Цыганка кряхтя встала, накинула шаль и пошла со мной.

Моему появлению бабушка Нина обрадовалась, как небесному знамению, но при виде Оксаны она забеспокоилась.

- Ты кого ко мне привел, чертова пята! А вдруг она здесь рожать начнет, где я повитуху сыщу?!

- Не бойся, бабушка, свое дело она знает лучше тебя!

- Что она говорит? - спросила меня Оксана.

- Говорит, что ты еще молода, чтобы уметь гадать, - солгал я.

- Не ее это забота... Скажи-ка ей, пусть принесет таз, воду, горсть соли, золотое кольцо и три куска сахара.

Я перевел.

- С ума она, что ли, сошла? - запричитала бабушка Нина. - Трех кусков сахара вместе я три года не видела!

Я опять перевел. Оксана захохотала и смеялась так долго, что еле потом отдышалась.

Бабушка принесла все, кроме сахара, потом с трудом сняла с пальца обручальное золотое кольцо и протянула его Оксане.

Цыганка осторожно опустилась на низкий трехногий стульчик перед камином, налила воду в таз и засыпала туда горсточку соли.

- А как же без сахара? - забеспокоилась бабушка Нина.

- Без сахара нельзя! - заявила Оксана.

- Господи, что же мне делать? - Старушка готова была расплакаться.

Оксана полезла рукой в карман, скрытый в складках ее широкой пестрой юбки, извлекла три кусочка леденца и бросила их в таз.

- Боже всесильный, ниспошли добра и радостей этой милосердной женщине! - Бабушка Нина перекрестила Оксану.

- Чего это она? - отодвинулась цыганка.

- Благословляет тебя.

- Вот еще...

Оксана долго мешала воду рукой.

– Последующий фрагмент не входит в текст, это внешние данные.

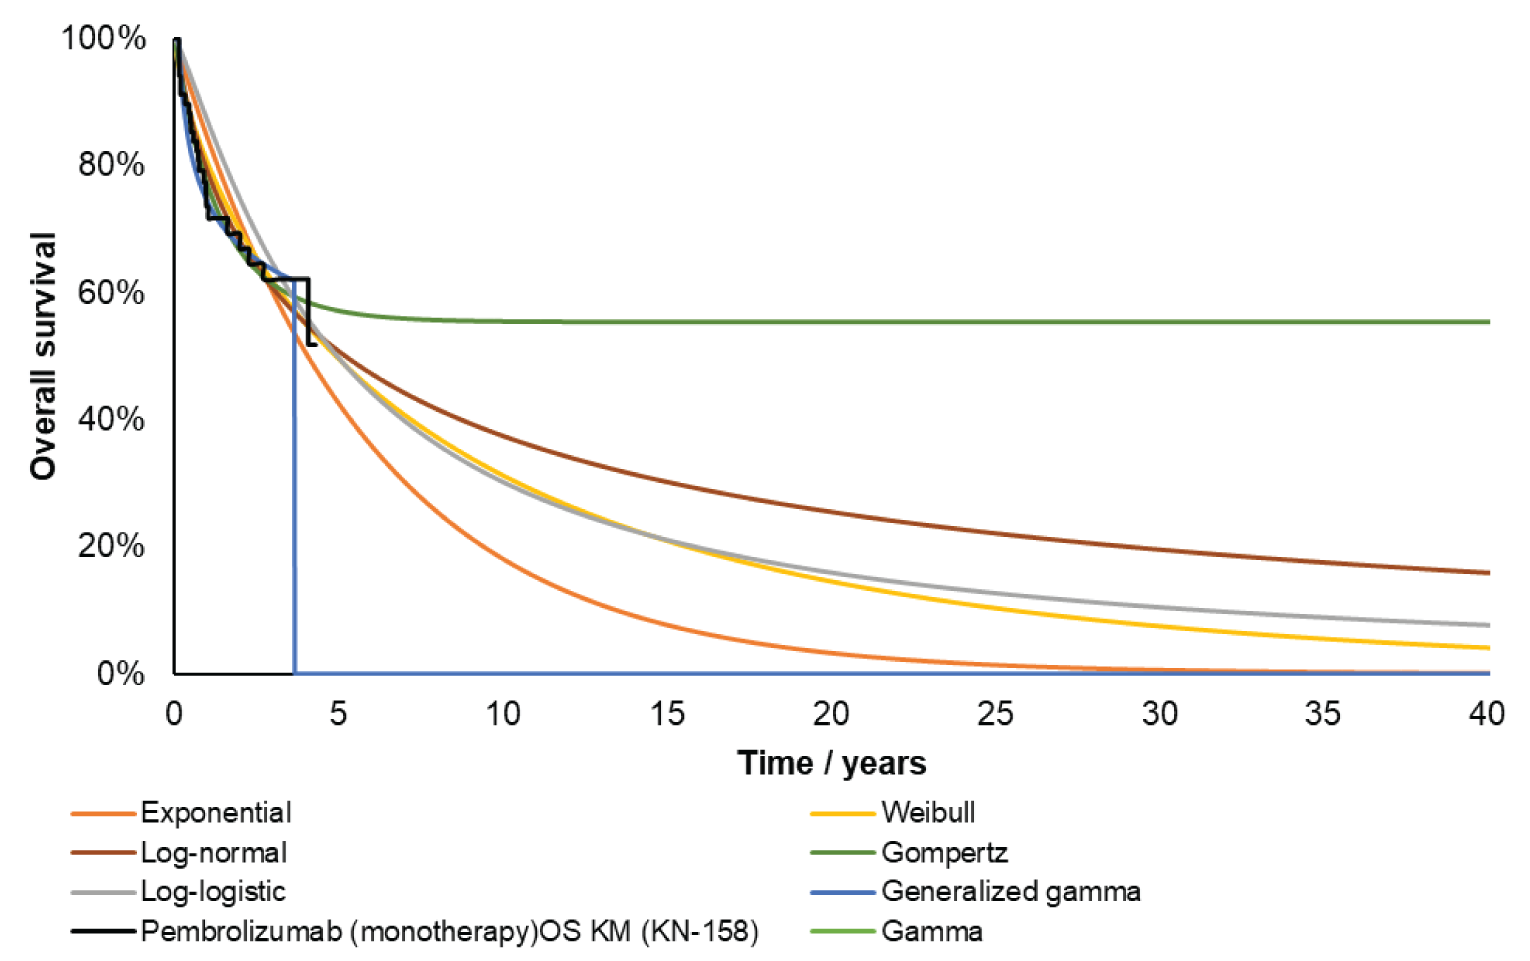 A Kaplan-Meier survival curve with the Y-axis labelled “overall survival” ranging from 0% to 100%, and the X-axis labelled “time in years” ranging from 0 to 40. The observed survival from the KN-158 study ends around year 4 (approximately 60% of participants surviving), with 7 parametric survival functions overlaid extending to year 10. All 7 parametric functions appear to overestimate survival until year 3, with exponential being the highest and Gompertz being the lowest. After that point, the parametric functions separate even more notably, with Gompertz estimating the highest long-term survival (approximately 55% at year 40) and exponential estimating the lowest (approximately 0% by year 30). The generalized gamma distribution drops abruptly to 0% around year 4.

Когда соль и леденцы растаяли, она опустила в таз кольцо.

- Чистое золото? - спросила она.

- Червонное! - ответила с гордостью бабушка Нина.

- Гадать-то про кого?

- Про сына, сына, Гришу моего!

Оксана прищурила глаза и зашептала что-то на родном языке.

- Переведи! - попросила меня старушка.

- Да не понимаю я, она по-своему говорит! - объяснил я.

Долго бормотала Оксана. Вдруг она замолчала, повернулась к бабушке Нине и заговорила по-русски:

- Вижу... Жив он... Среди чужих людей... Хочет идти домой... Не пускают его... Ага! В плену он! В плену! Понимаешь?

- Сыночек! - воздела руки старушка. - Лишь бы жить ему...

- На голове у него повязка... Окровавленная повязка... Что это? А, он был ранен... Да, был ранен, но он жив...

Бабушка Нина с подозрением взглянула на цыганку, потом быстро встала, подошла к образу, вернулась к нам и протянула Оксане письмо - то самое неотправленное письмо сына с засохшей кровью.

- А вот это? Как же быть с этим?

Оксана побледнела.

- Ты куда меня привел, болван?! - прошептала она.

Что я мог ответить?

Оксана задумалась. Я и бабушка Нина с нетерпением смотрели на нее.

После долгого молчания цыганка подняла голову:

- Письмо было отправлено с другим человеком... И этот человек убит. Письмо лежало в кармане у того, у другого человека... Твой сын жив...

Бабушка Нина опустилась перед Оксаной на колени.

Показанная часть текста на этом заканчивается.